* _What to work on_: Repeat the data exactly, leaving out any image.

* _Available data_:
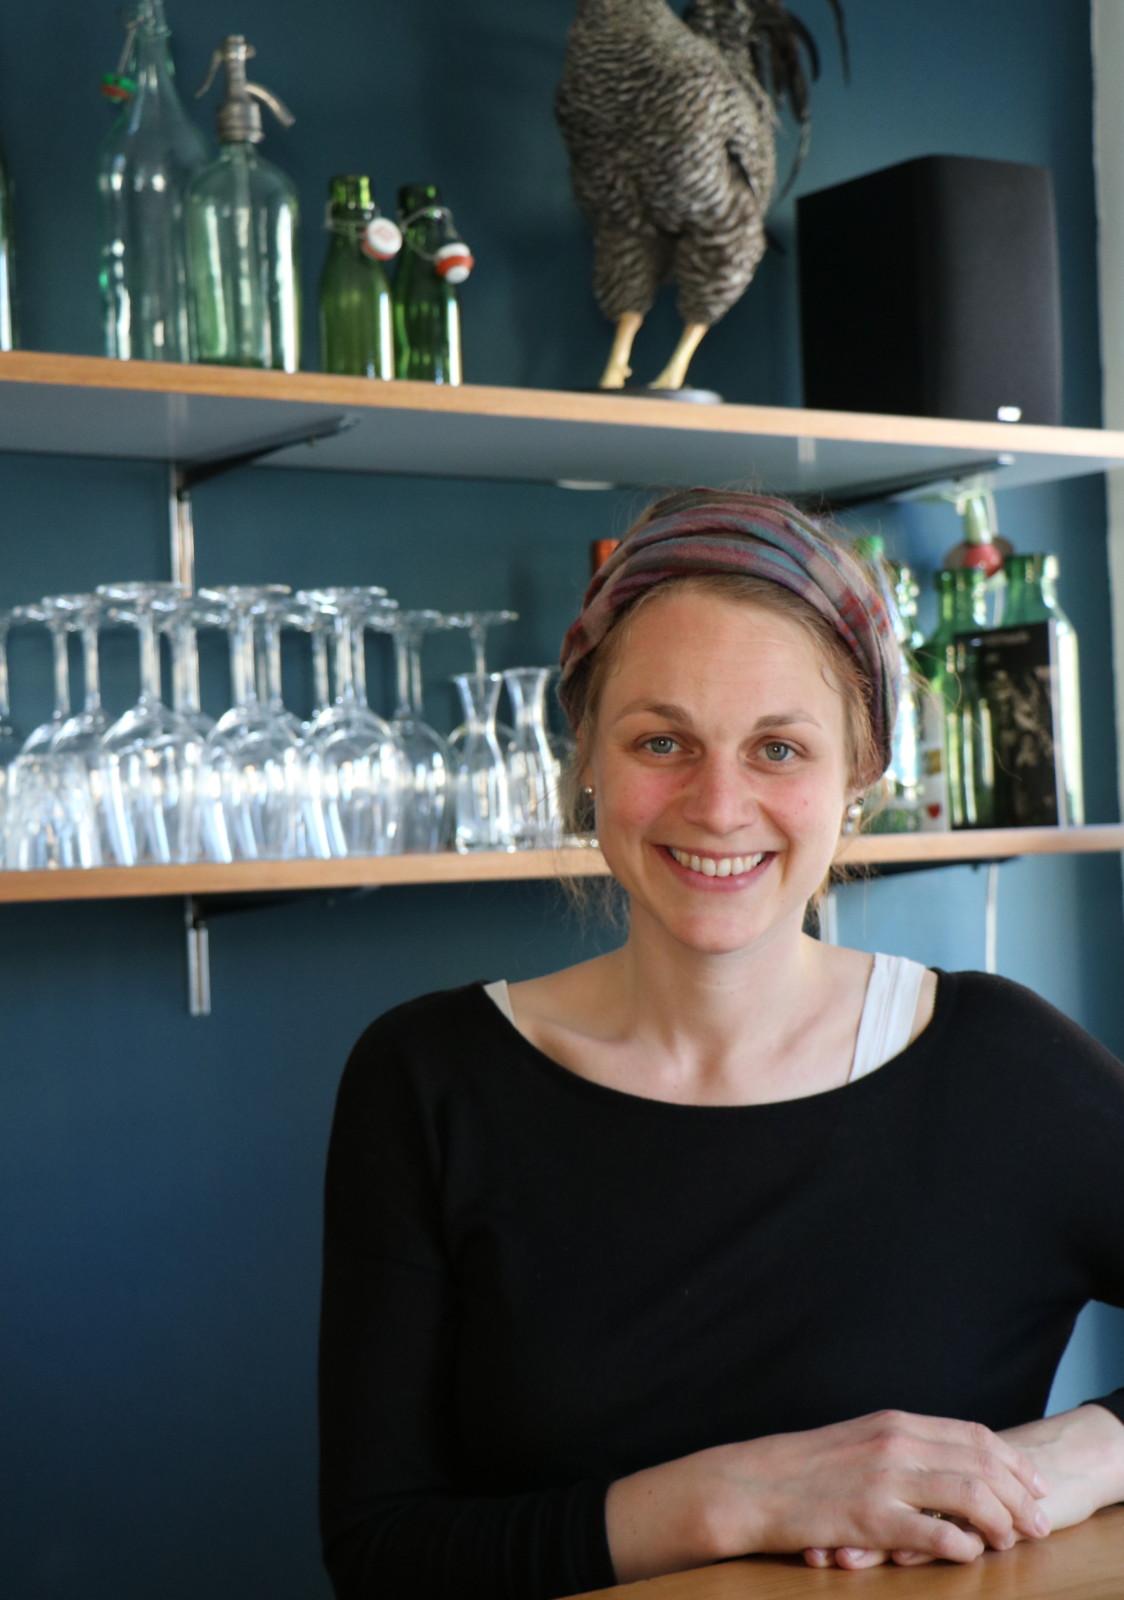 Slow Food Youth-Präsidentin Laura Schälchli
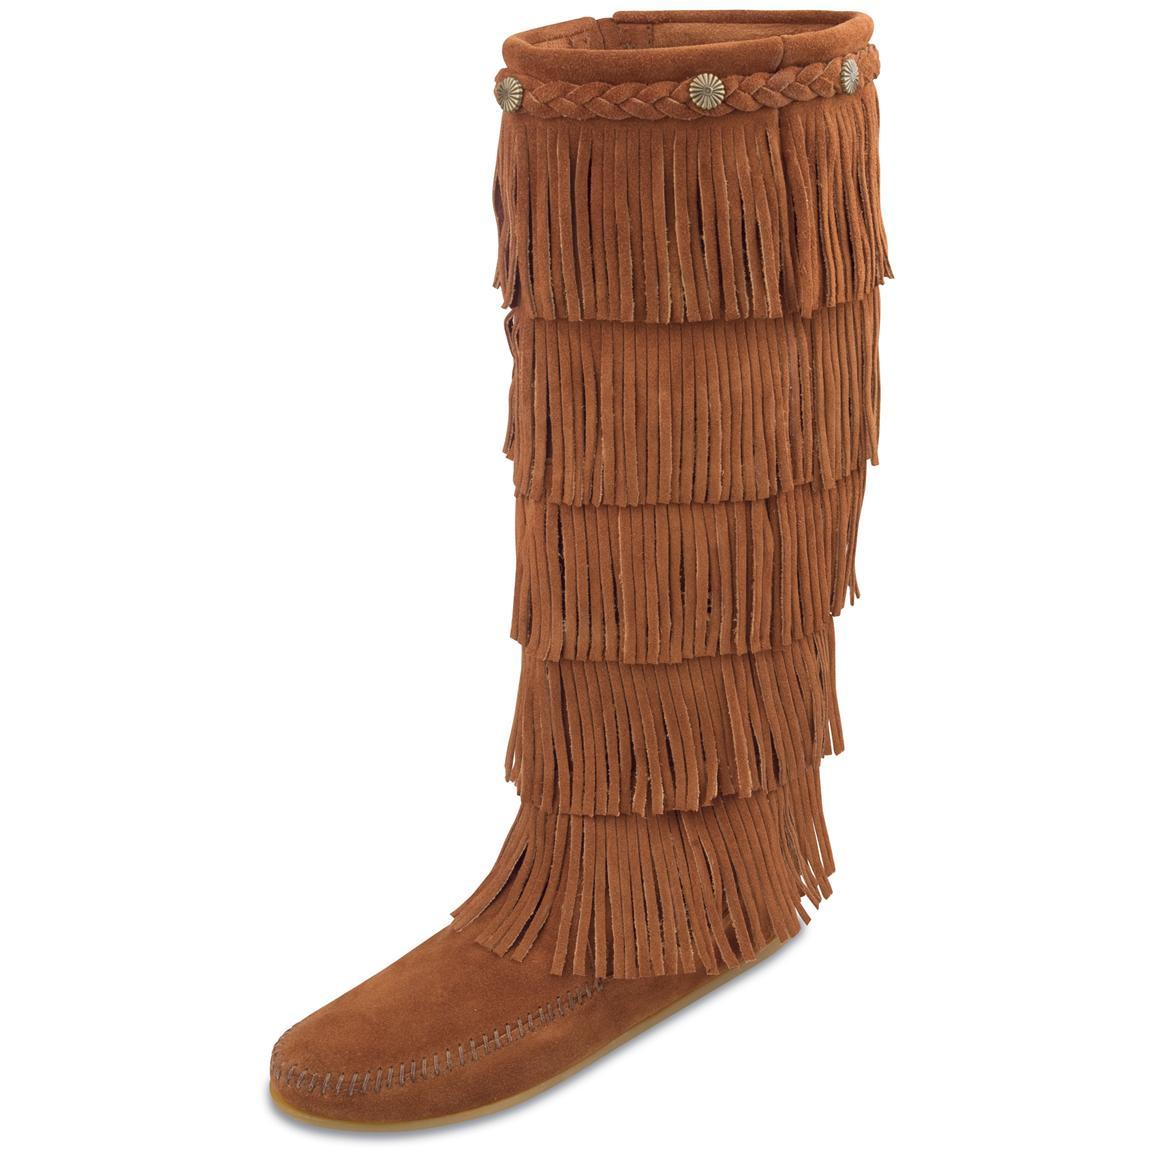 discount minnetonka fringe bootsWomens Minnetonka Moc   5   Layer Fringe Boots   164758 Casual 4lAWXDwL
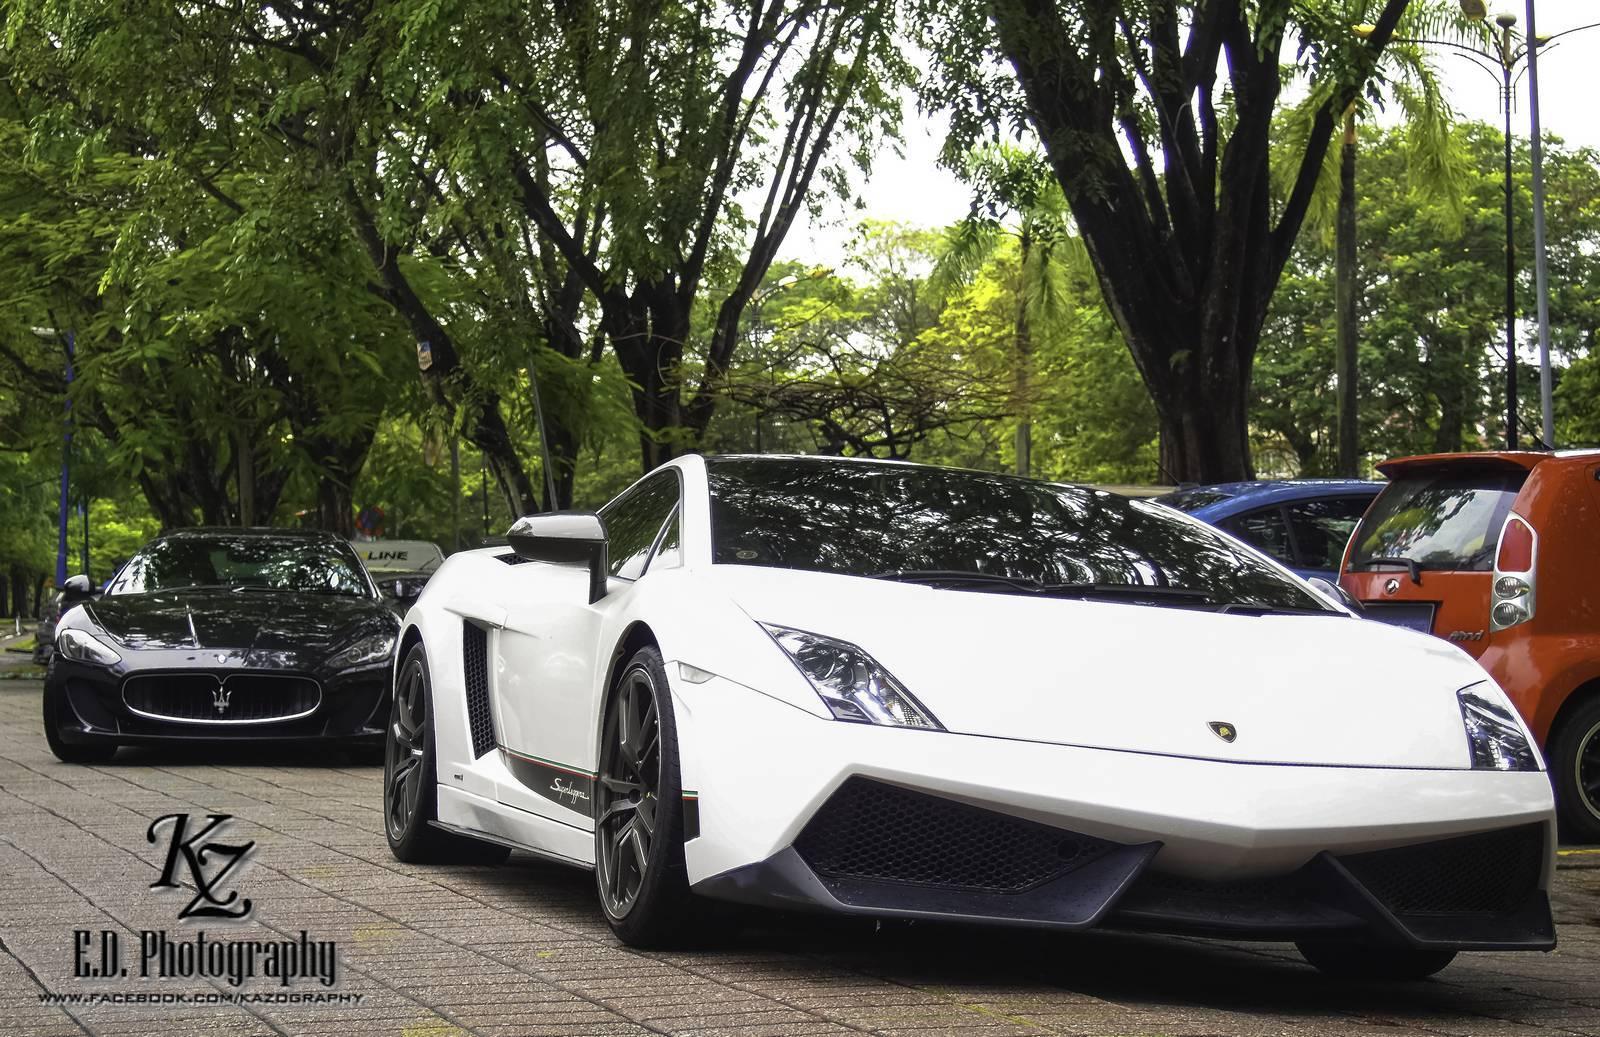 Gallery: Blue Jackets Society Supercar Charity Drive Malaysia ...
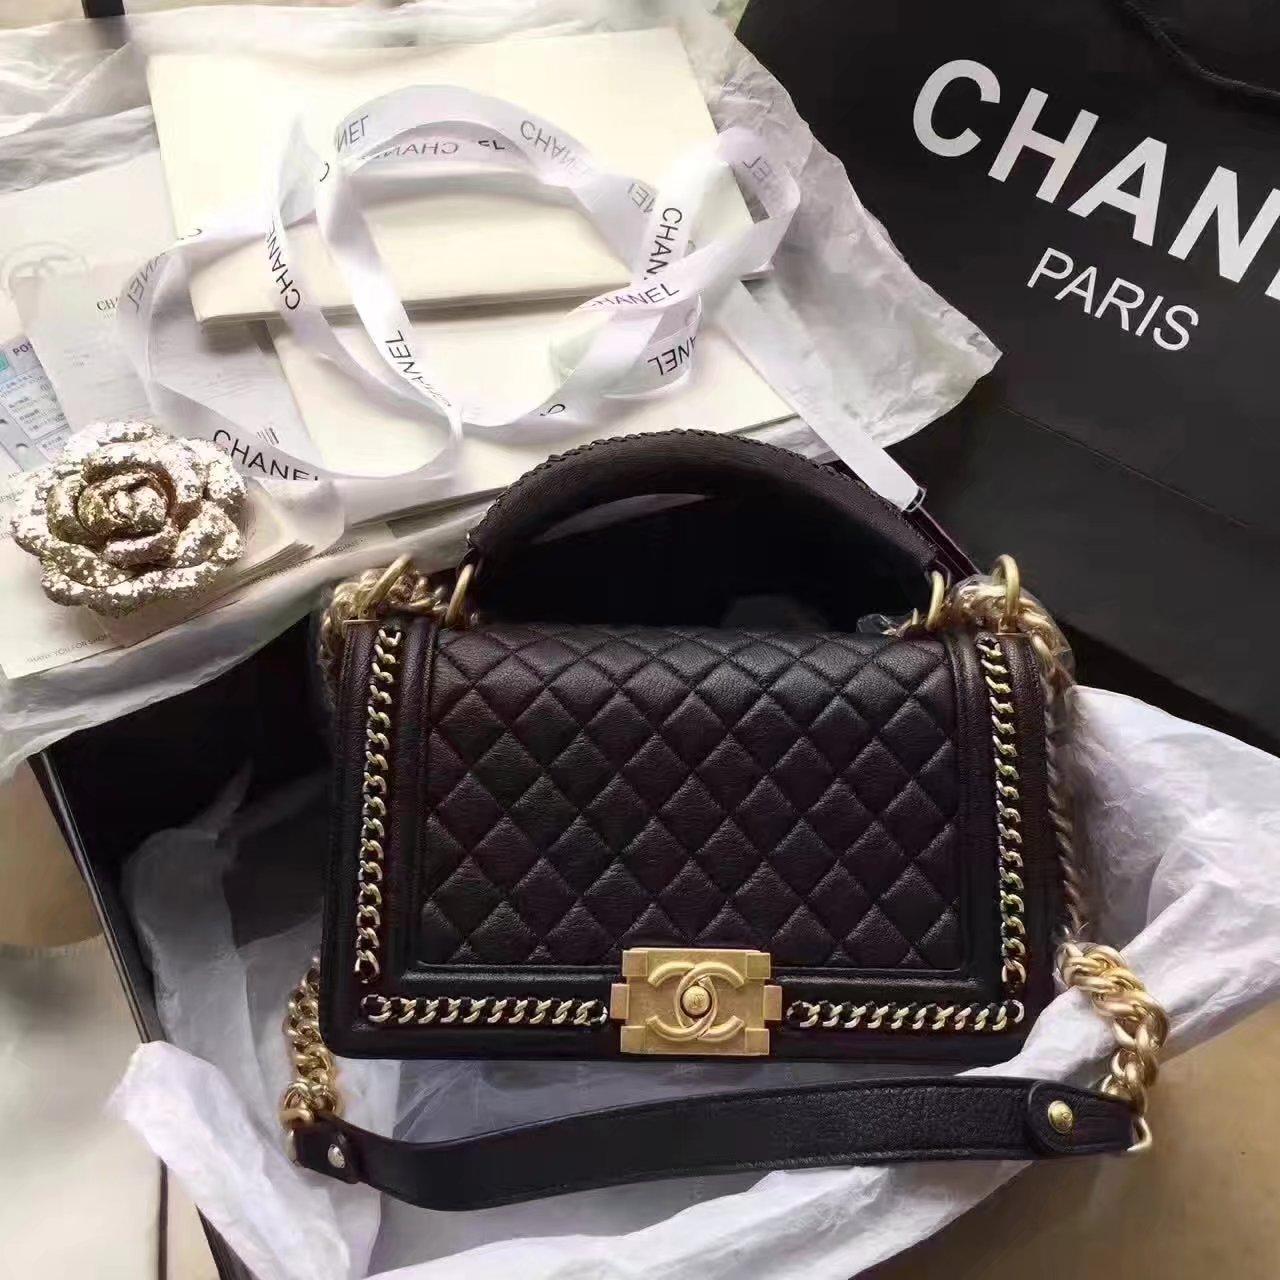 Chanel Boy Chanel Black Handbag With Handle

* _Task result_:
 Slow Food Youth-Präsidentin Laura Schälchli
 discount minnetonka fringe bootsWomens Minnetonka Moc   5   Layer Fringe Boots   164758 Casual 4lAWXDwL
 Gallery: Blue Jackets Society Supercar Charity Drive Malaysia ...
 Chanel Boy Chanel Black Handbag With Handle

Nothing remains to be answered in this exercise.